Bronx-made tanks fuel new Freedom Tower

Bronx-made tanks fuel new Freedom Tower

In case of emergency, part of the new World Trade Center will be powered by the Bronx.

Hunt Point’s A L Eastmond and Sons, or EASCO, installed six oil tanks earlier this year in three buildings in the complex, which began reconstruction in 2008 and is slated to house thousands of workers within the next year.

Ideally, the tanks will never be used. But if the lights go out, or another Hurricane storms into town, the Bronx-made steel fuel sources will be ready to keep the massive buildings running.

“The first boilers that we built as a manufacturer are still in use 25 years later, running as we speak,” said Leon Eastmond, the company’s president. “We only make quality products.”

EASCO opened up shop in a cavernous Hunt’s Point warehouse on Tiffany Street in 1974, but the company has been making boilers and tanks for nearly 90 years in various iterations.

Eastmond inherited the business from his father, who first repaired boilers, then organized groups of workers to craft the steel machines from scratch.

Now EASCO is one of the major players in the New York boiler scene, and is the only black-owned boiler and tank maker in the City.

The new World Trade Center is not the company’s first high-profile job —EASCO has installed boilers in the new Yankee Stadium and at National Geographic headquarters in Washington, D.C.

But the symbolism of being at the heart of the new World Trade Center, 12 years after the Twin Towers were destroyed, is not lost on the manufacturer.

“These size contracts come across our table frequently enough, but to be part of this, as a New York company, it’s special,” said Tyren Eastmond, Leon’s grandson, current chief operating officer and the company’s heir apparent.

EASCO landed the original contract for the tanks in 2005, but the developers decided to replace them after Superstorm Sandy caused minor saltwater damage to the machines, said Neil Tomasetti, director of boiler repair and tank sales.

The tanks installed this year are replacements and were crafted in two months in the Hunt’s Point warehouse.
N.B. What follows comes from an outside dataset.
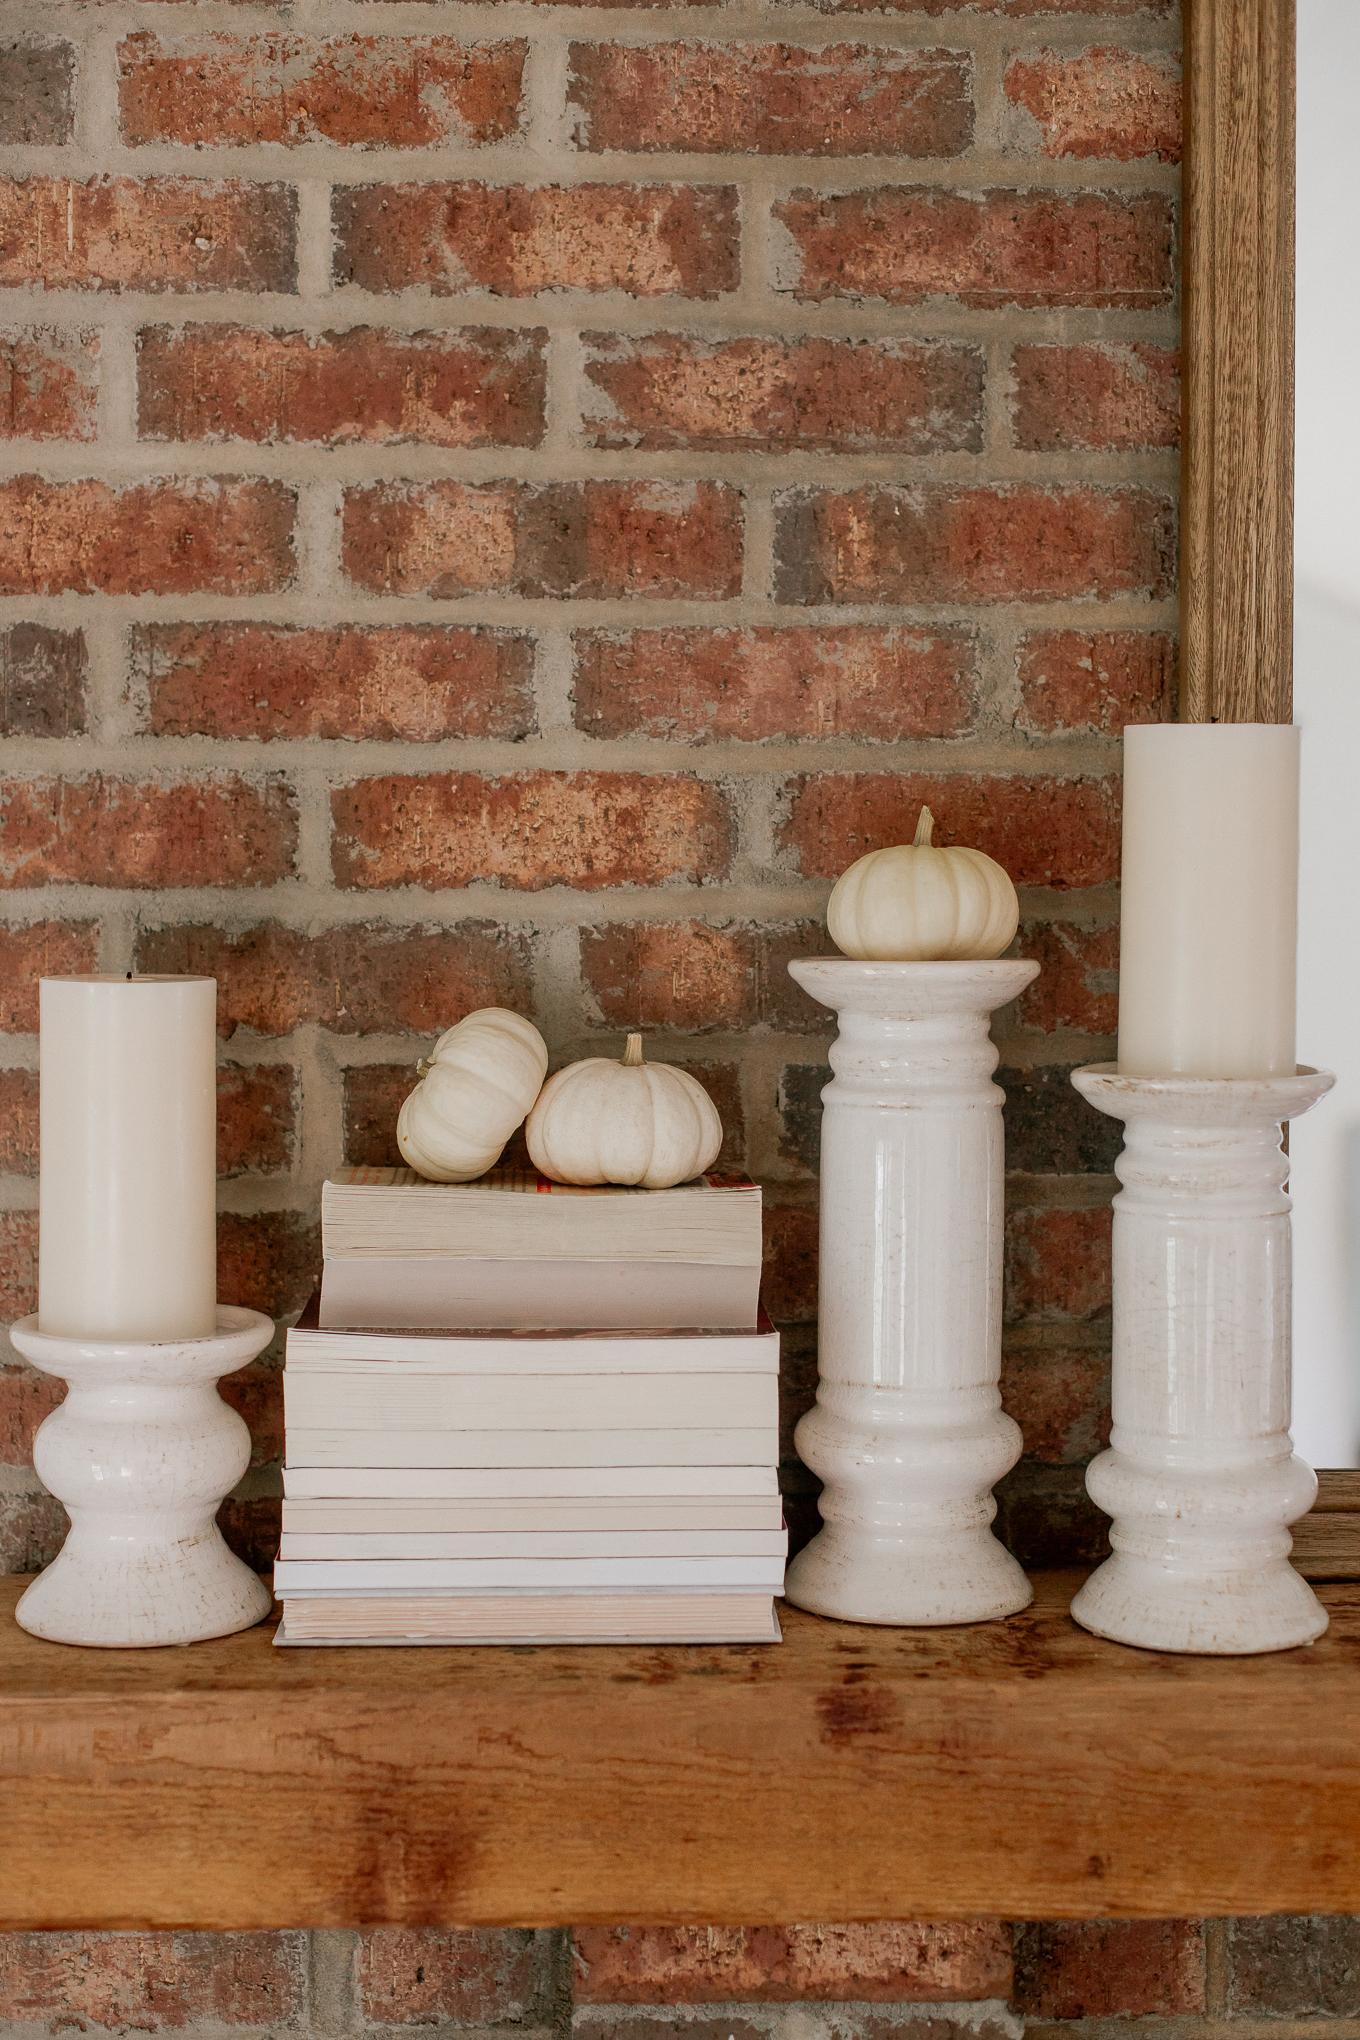 Mantle Candlesticks, Mini Pumpkins | Louella Reese

EASCO’s workers rolled flat sheets of steel to the architect’s specifications and delivered the finished product to the construction site, where gaps were carved into the walls to make room for the tanks.
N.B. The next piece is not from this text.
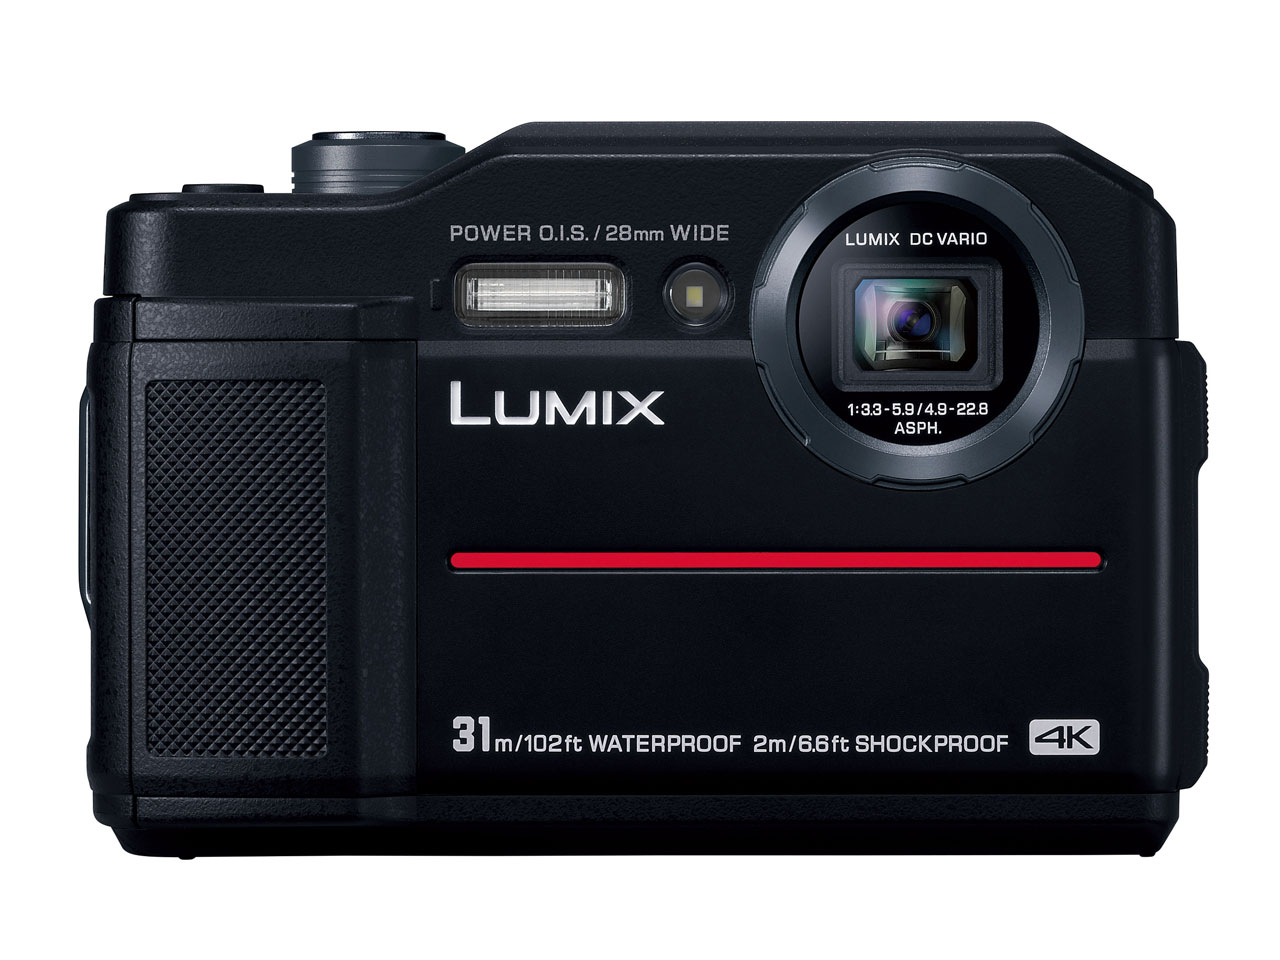 LUMIX DC-FT7-K [ブラック] の製品画像

EASCO is responsible for three 8,000-gallon tanks in 4 World Trade Center, a 72-story, 977-foot building expected to open this fall and house offices for the Port Authority. Two more 8,000-gallon tanks are installed in the basement of a transportation hub that will connected 13 subway lines and serve 250,000 travelers a day at its opening in 2015, developers told the Associated Press in September. The other tank is a 15,000-gallon machine in a planned 80-story office building at 3 World Trade Center.

Not bad for a Bronx-based family business.

“You don’t want to be too bragadocious,” said Leon Eastman, “but our boilers are as good as any, and better than many.